Ahhh, thanks, that helped. Straight forword. We're all for words, right? So no loitering, straight for words we go!

 :Rolleyes:

----------


## crisaor

Wow. Being an administrator has some serious setbacks. I'd hate to deal with that kind of stuff in a regular basis.
Anyway, I don't think this guy is worthy of attention.

----------


## Basil

If you google his name, you can find some other forums where he's sounded off on a variety of topics--everything from the fact the apostles were unmarried to the recent NBA brawl involving Ron Artest. He is also apparently a St. Louis Cardinals fan, which I think is kind of adorable--adorable in a strictly non-ambivalent hetereosexual kind of way, of course.

I don't really think anyone should contact this guy or mess with him in any way. I think he's probably genuinely confused.
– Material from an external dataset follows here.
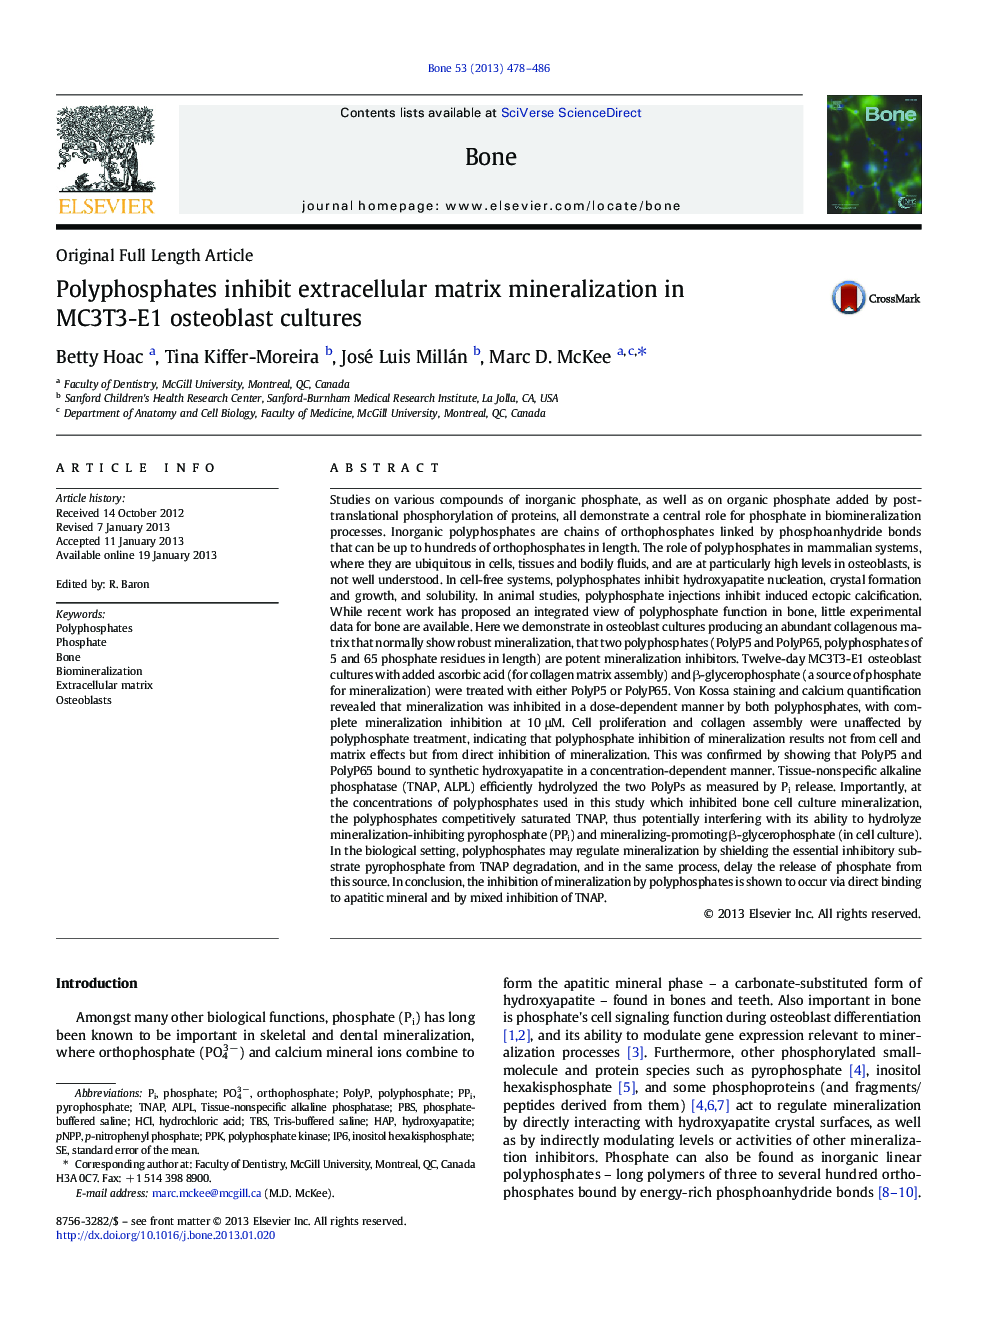 Polyphosphates inhibit extracellular matrix mineralization in MC3T3-E1 osteoblast cultures

But having said that:



> I\'m a serious future Nationally published musical author . . .


Does this mean I can put my _future_ accomplishments on a resumé??

----------


## imthefoolonthehill

wait...what don't you guys understand about his message?























...yeah, ok i'm joking... it looks like word association football to me... a worthy opponent on the football field.

----------


## Molko

Hmmm....either this is a prank or this guy needs some help. But I think the best thing to do is maybe ignore him....

----------


## Bandini

What a bell end!

----------


## Bandini

No, Molko - the best thing to do is let him know what an absolute dick he is - then maybe he will realise and stop being such an arse.

----------


## Jay

Wishful thinking, Bandini, wishful thinking.

----------


## Helga

I'm not sure what he's talking about. He has some problems, if he is doing this on other sites too, that is not normal. He needs help, bad ! 

That's just my opinion, being a future Nobel prize winning author and a legend in the literature world, known for a sharp mind and a sharp tounge.

----------


## Taliesin

Let's make a club.
We are planning to win forty Nobel prizes, be the world champion in chess and also we plan to write a great epic of five hundred volumes about life, universe and everything. Also we are planning of writing about a thousand symphonies.
You really do not have had achieved anything. We here are not nitpickers and don't demand anything. We totally understand that your creative impulses do not come at your demand. But you must have planned writing something great. Not everyone can join the club. This is an association of creative spirits not some drunk's club. What do you think?

Taliesin, Future Corpse.

----------


## Bandini

Can 'occasional drunks' be admitted please?

----------


## Taliesin

Have you been thinking about writing something. You know, we here are not pesky here, but still, there have to be rules. 
Have you had any interesting fantasies when drunk? Has the creative spirit flewn near you? It is not necessary for it to actually touch it. But if you think about writing something. (those who have written or even (horror of horrors) published something do not have any special rank. It is not fair compared to the others) 
When we had time, oh boy, how we would write. The tip of the pen would smoke. But, alas, things have come up and when we have time, then, alas, the Muse left us. But when she visits us again, then we will surely write a lot.

----------


## ajoe

Well, if I didn't understand English well enough, he would have left an impression on me that he was smart and was using Difficult English I had no business trying to read.

----------


## elysium

Arf, now I know why my professors always tell us not to over-use the thesaurus. 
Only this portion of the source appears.